Maxine Cheshire, Who Chronicled Beltway Scandals, Dies at 90

It was 1954 when she landed on the society desk of The Washington Post, the right place at the right time — though she didn’t know it then; as she wrote, “I was looking for ax murderers, not ambassador’s wives.” The only job on offer was as a society reporter, but as it happened the women’s editor, Marie Sauer, was looking for someone to treat the beat as serious journalism. By 1965, Ms. Cheshire had her own column, VIP, which was syndicated across the country.

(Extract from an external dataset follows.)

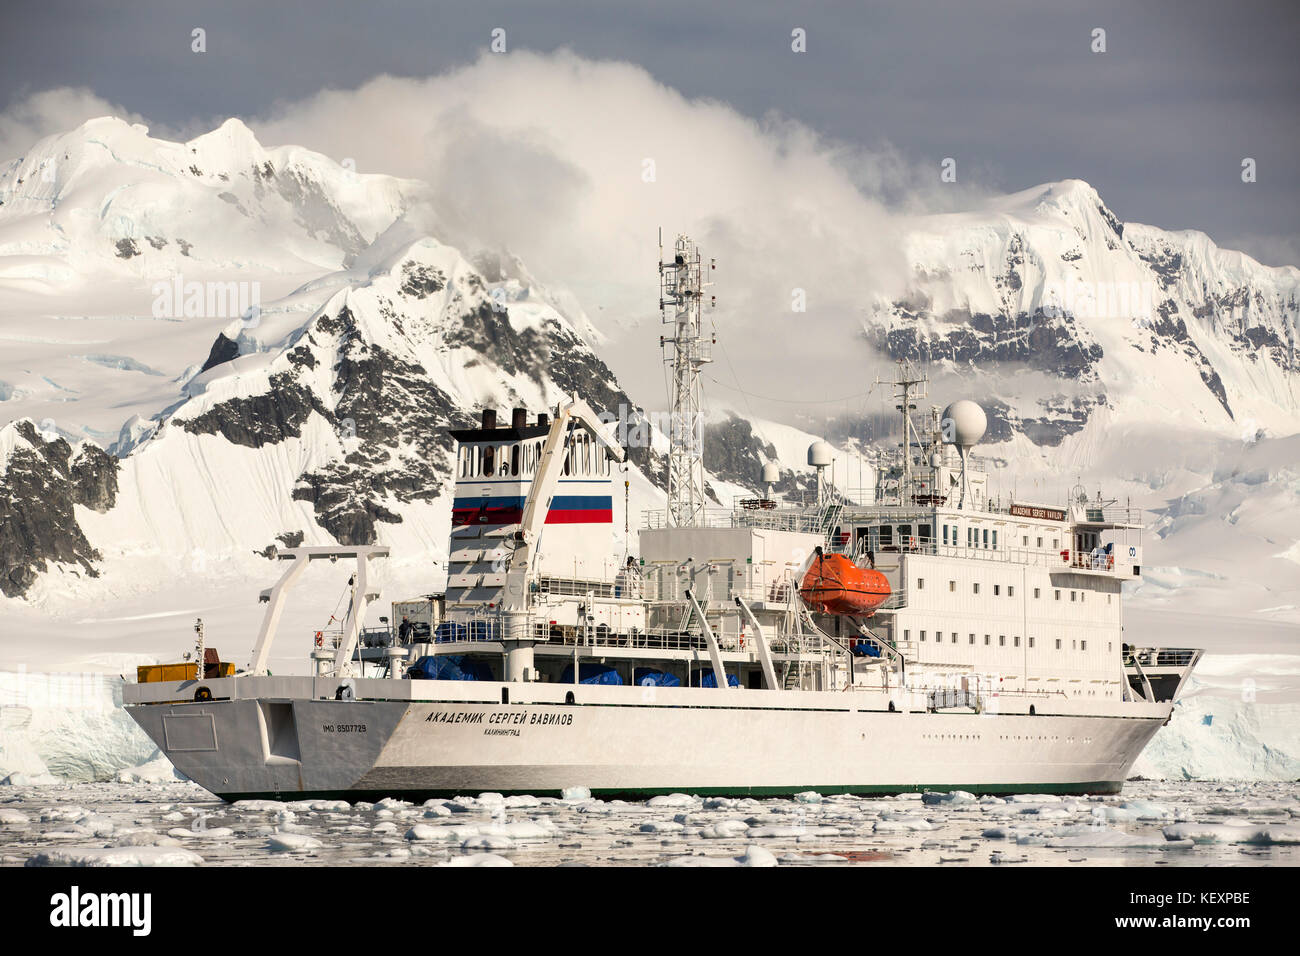 El Akademik Sergey Vavilov, un buque reforzado para hielo en un crucero de expedición a la Antártida, en el Estrecho de Gerlache en la península antártica, que es uno de los de más rápido calentamiento del planeta. Foto de stock

When Mrs. Kennedy married the shipping magnate Aristotle Onassis in 1968 on Skorpios, his private island, Ms. Cheshire was one of a global pack of reporters sent to cover the event, which Mr. Onassis did all in his considerable power to prevent, including marshaling the Greek navy. The Germans chartered an expensive yacht. The French deployed a young woman clad in a miniskirt (and no underwear) as a distraction. The Americans had Ms. Cheshire, who hurled herself into a packed Boston Whaler and onto the lap of a photographer, grabbing his hair as a tether. All these efforts failed, however, and in the aftermath, Ms. Cheshire broke her foot.

In what can only be described as the munificence of the copy gods, the Athens doctor who eventually treated her had an antique desk in his office that caught Ms. Cheshire’s eye — and her eye was very good; she had a sideline as an antiques collector — and she decided to check out his dealer, whose shop was nearby and who, she learned, just happened to be a close friend of Onassis. He also just happened to be back from the wedding, and he was delighted to tell her all about it.

Ms. Cheshire’s collision with Frank Sinatra was less delightful. It was Jan. 20, 1973, the night of Richard Nixon’s second inauguration, and Sinatra, a pal of the new vice president, Spiro T. Agnew, was there as a guest. The singer was visibly loaded, and he accosted Ms. Cheshire, who a year earlier had asked him whether he thought his reported ties to the Mafia would be a problem for the vice president.

“Get away from me,” he shouted at her. “You scum, go home and take a bath.” He then called her “nothing but a two-dollar broad,” adding an expletive used to deride women and stuffing two one-dollar bills in her empty glass.